━━━━━ RECORDED INFORMATION ━━━━━

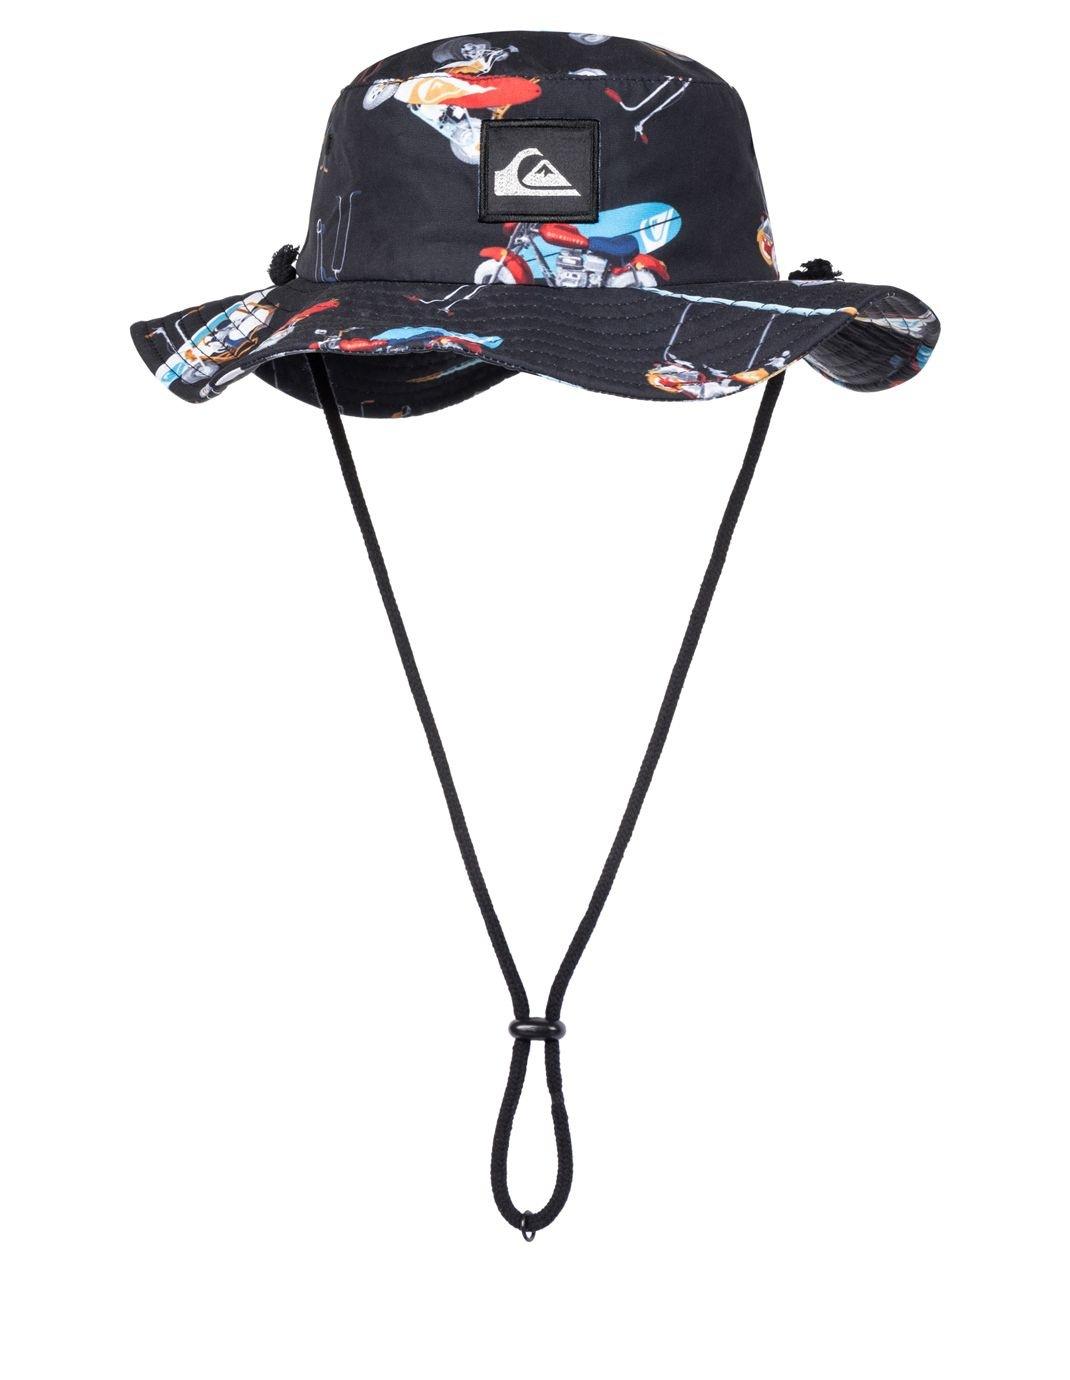 a9992539fc07b ... free shipping quiksilver sandlot bucket hat myer online 12d45 f83dd
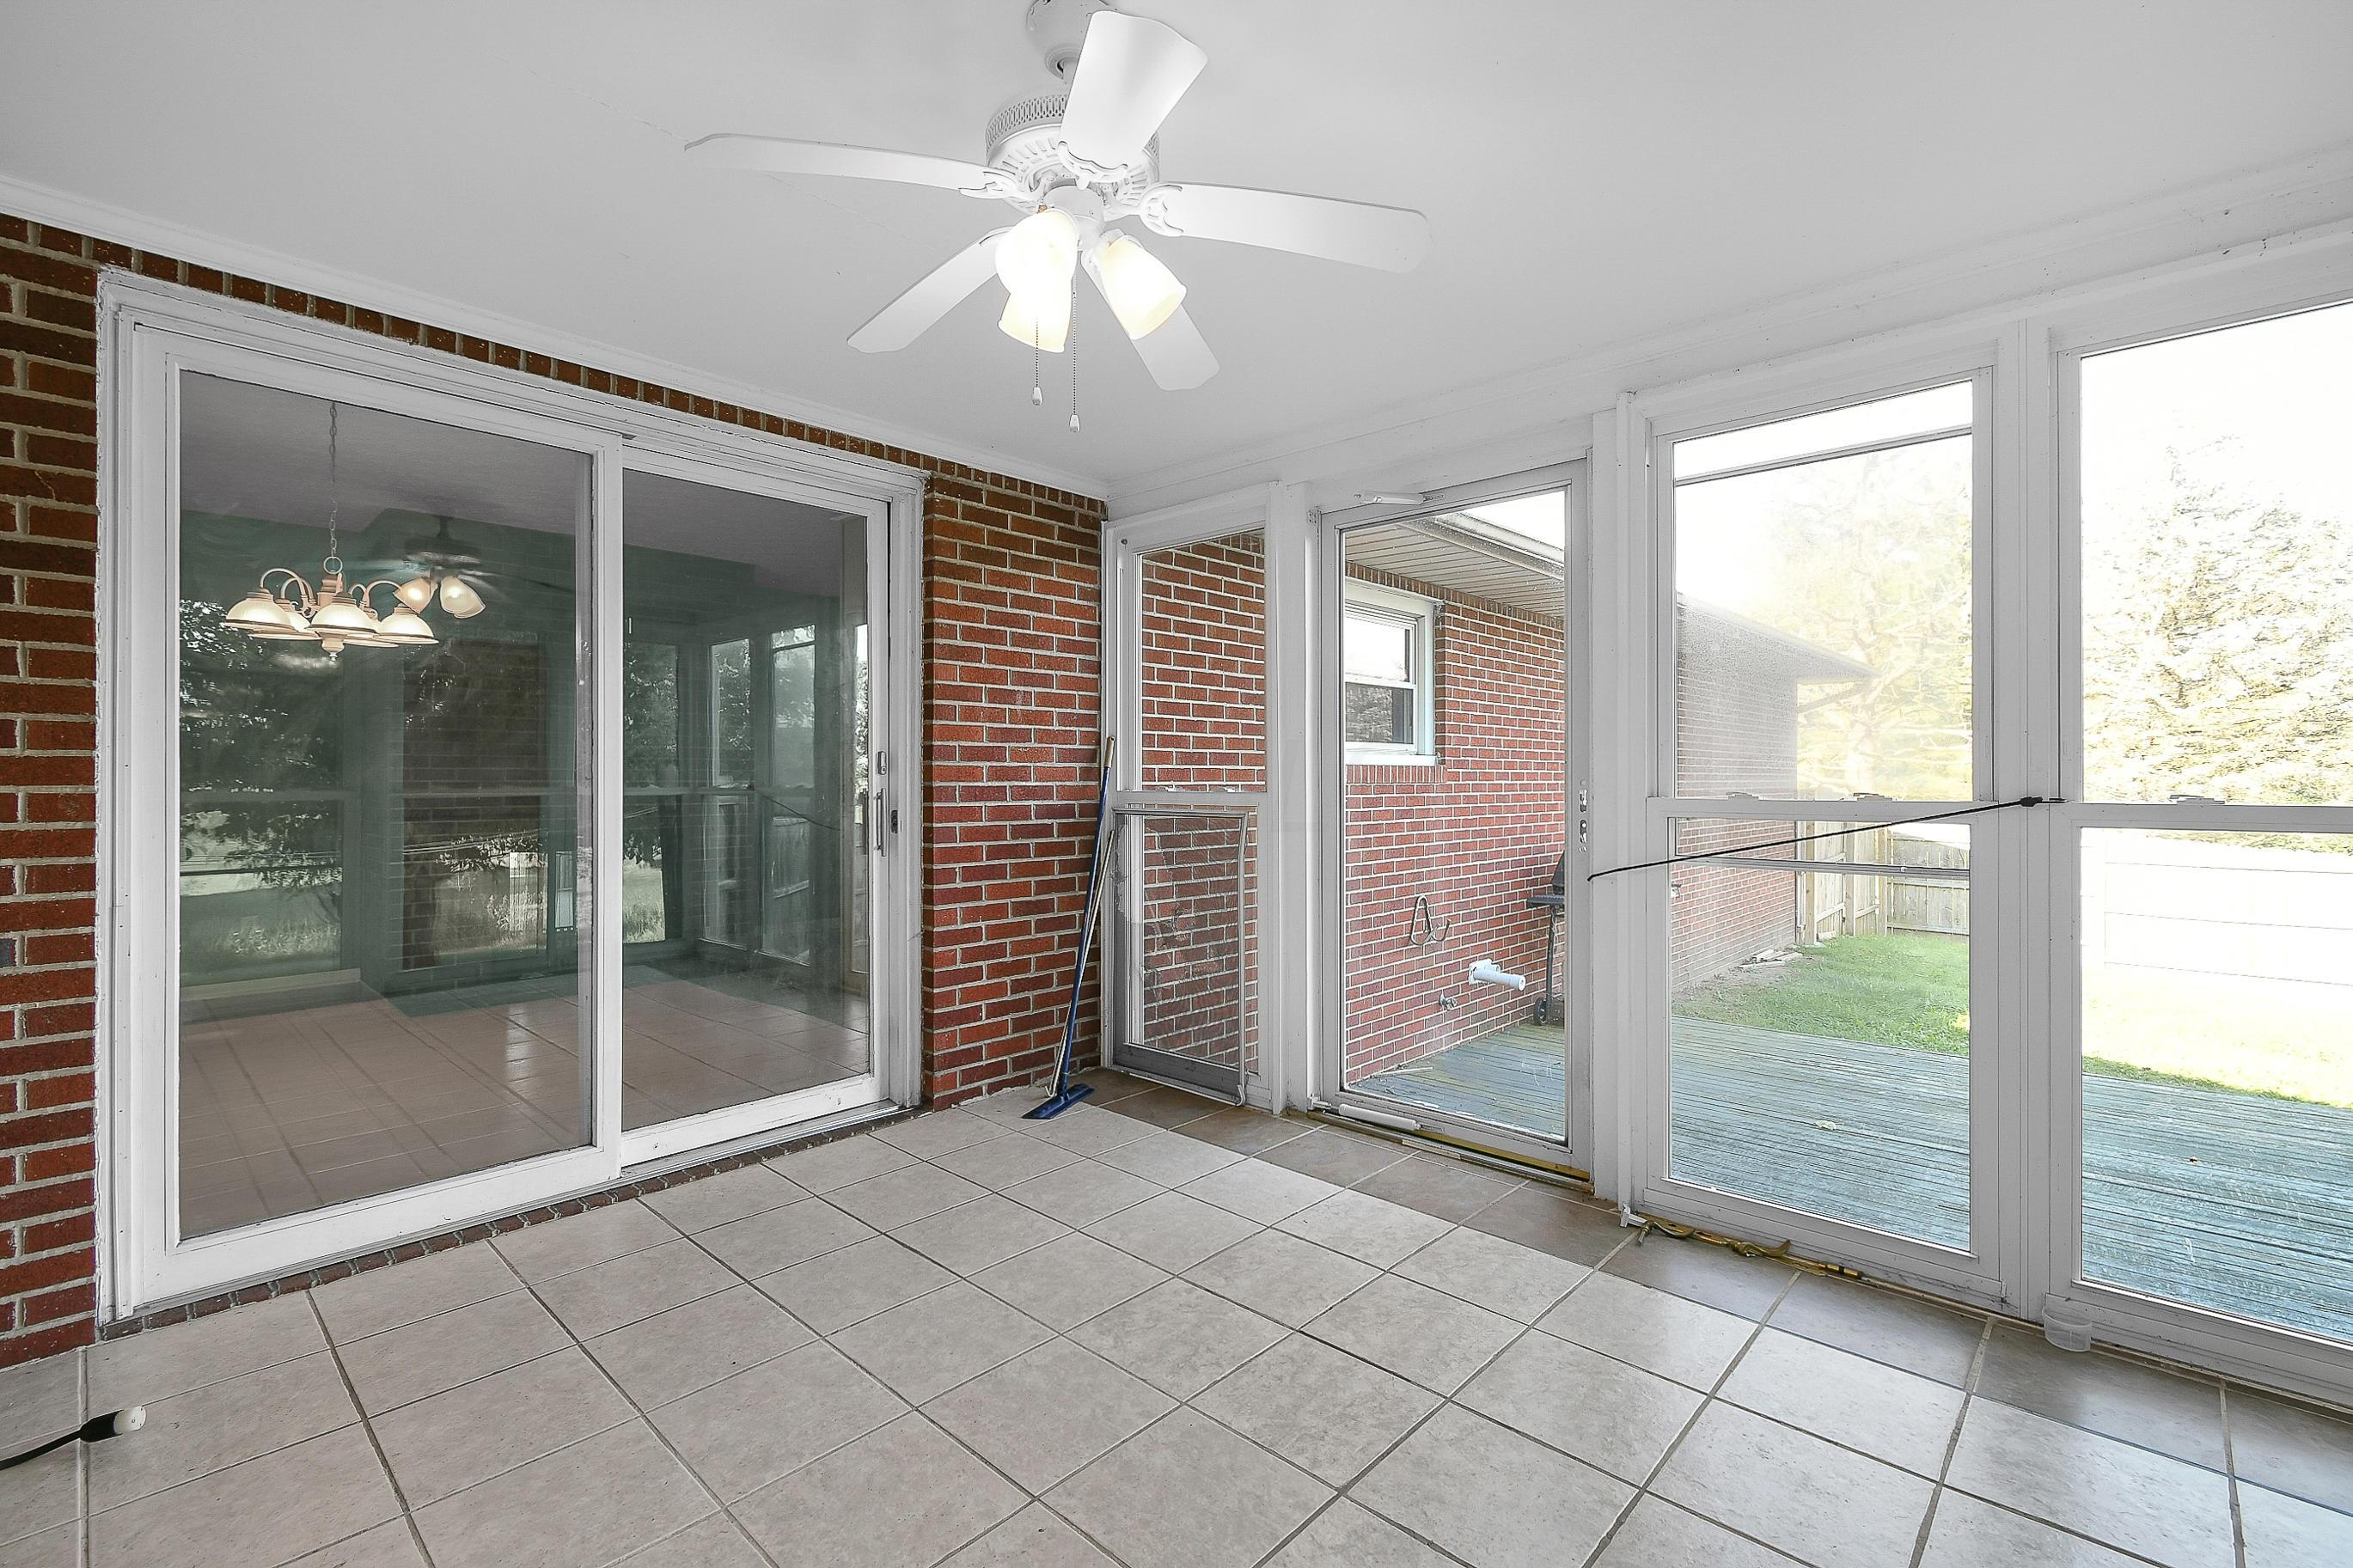 7090 Post Road, Dublin, Ohio 43016, 3 Bedrooms Bedrooms, ,2 BathroomsBathrooms,Residential,For Sale,Post,220030165
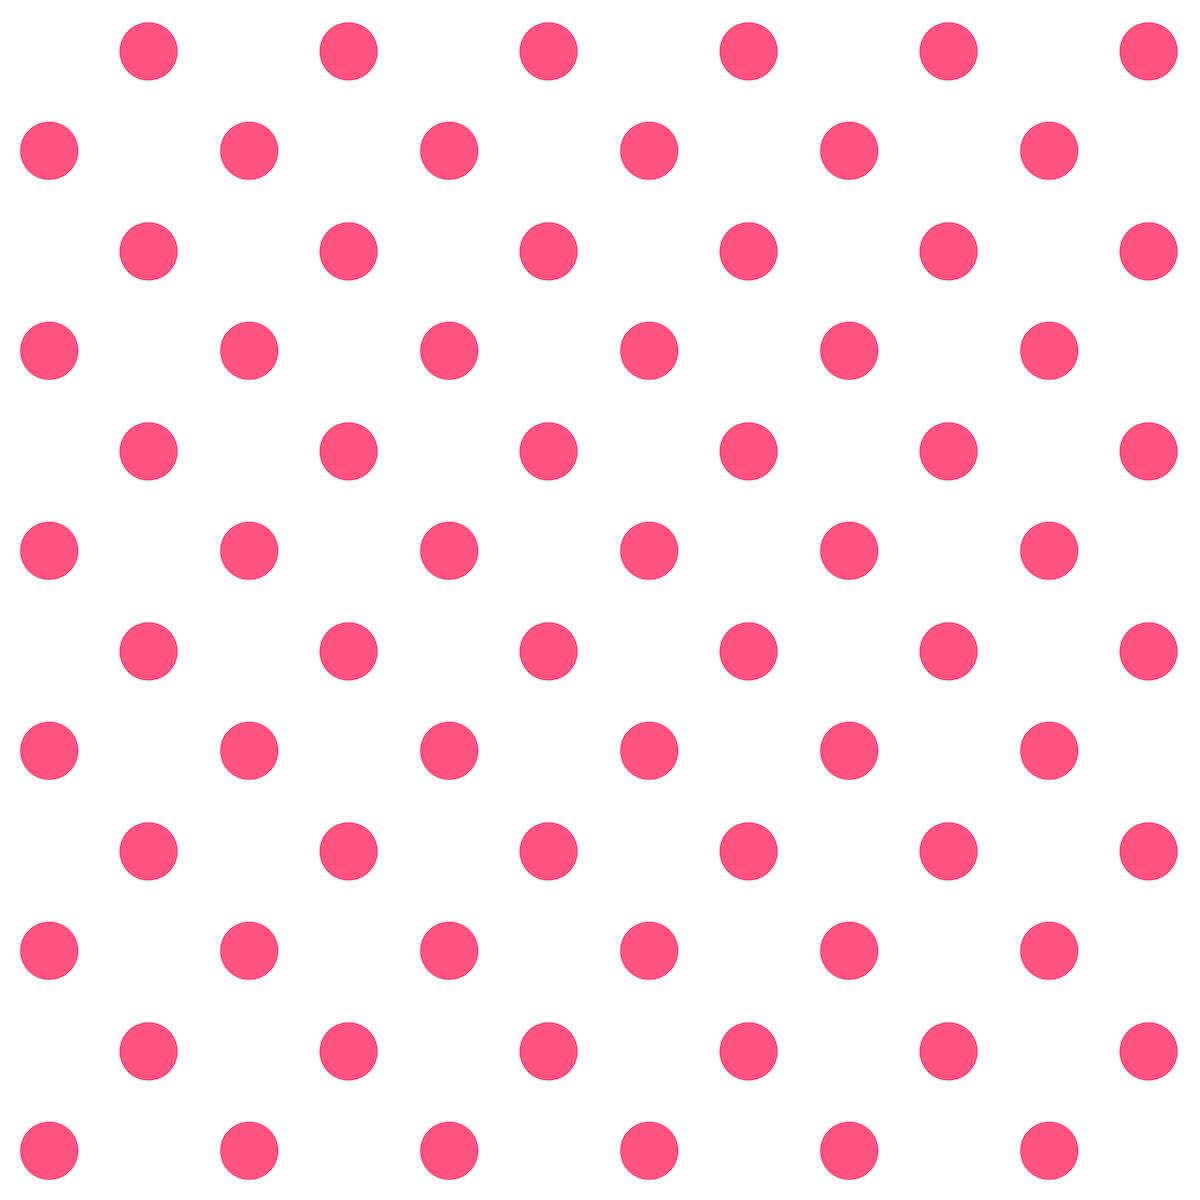 Free Digital Pink Polka Dot Scrapbooking Paper
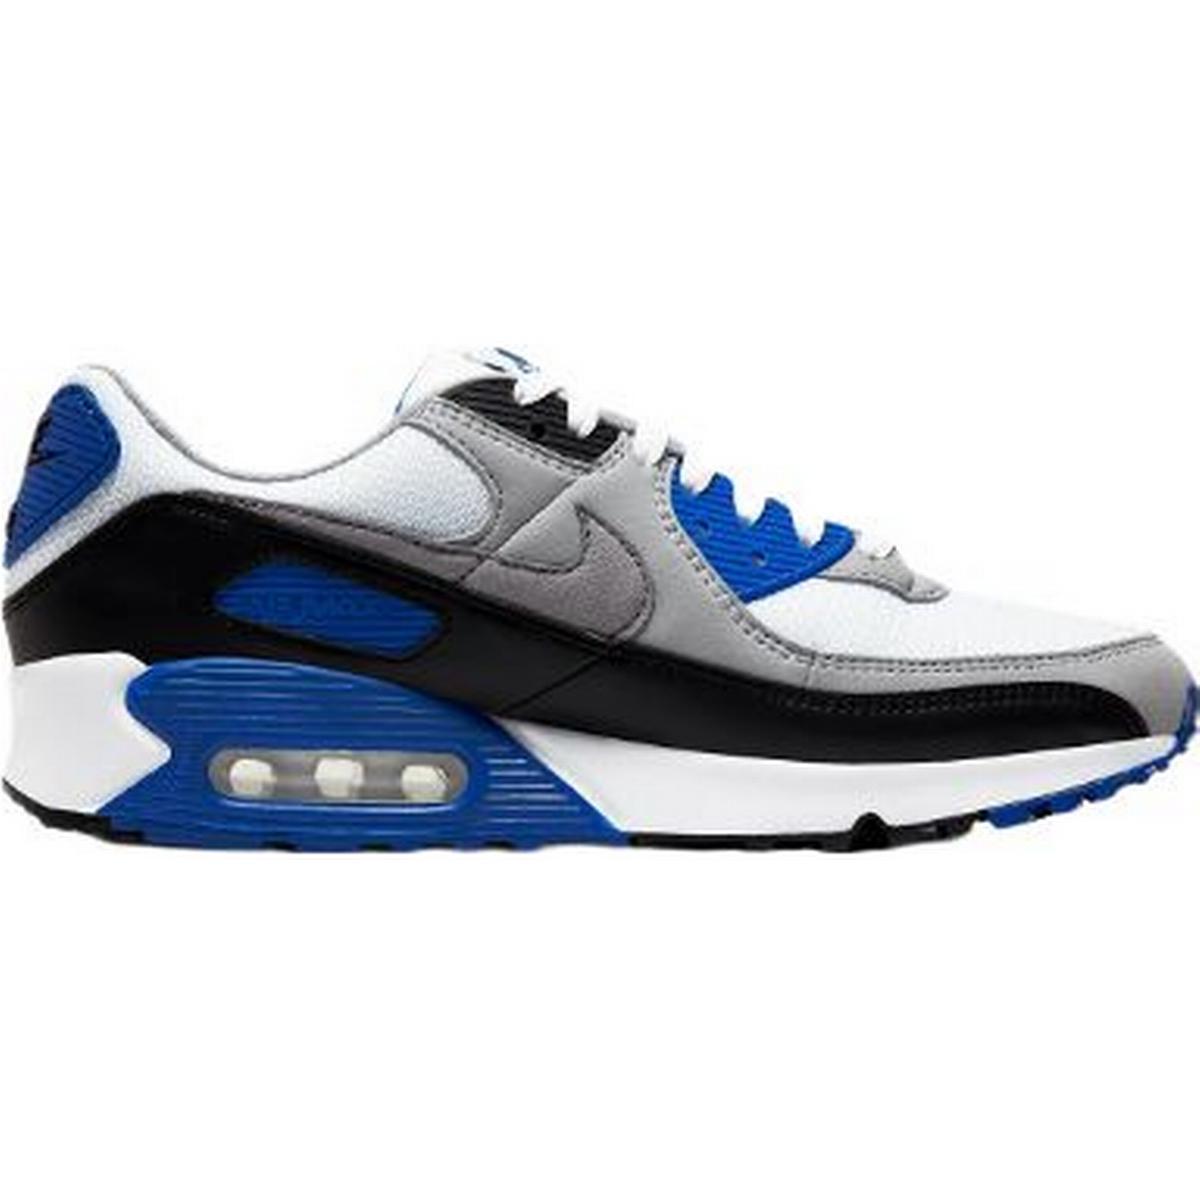 Nike air max 90 42 • Hitta det lägsta priset hos PriceRunner

━━━━━

■ REQUIRED ACTION
Repeat the material line for line. Pictures stay out of the copy.

■ ANSWER SPACE
 a9992539fc07b ... free shipping quiksilver sandlot bucket hat myer online 12d45 f83dd
 7090 Post Road, Dublin, Ohio 43016, 3 Bedrooms Bedrooms, ,2 BathroomsBathrooms,Residential,For Sale,Post,220030165
 Free Digital Pink Polka Dot Scrapbooking Paper
 Nike air max 90 42 • Hitta det lägsta priset hos PriceRunner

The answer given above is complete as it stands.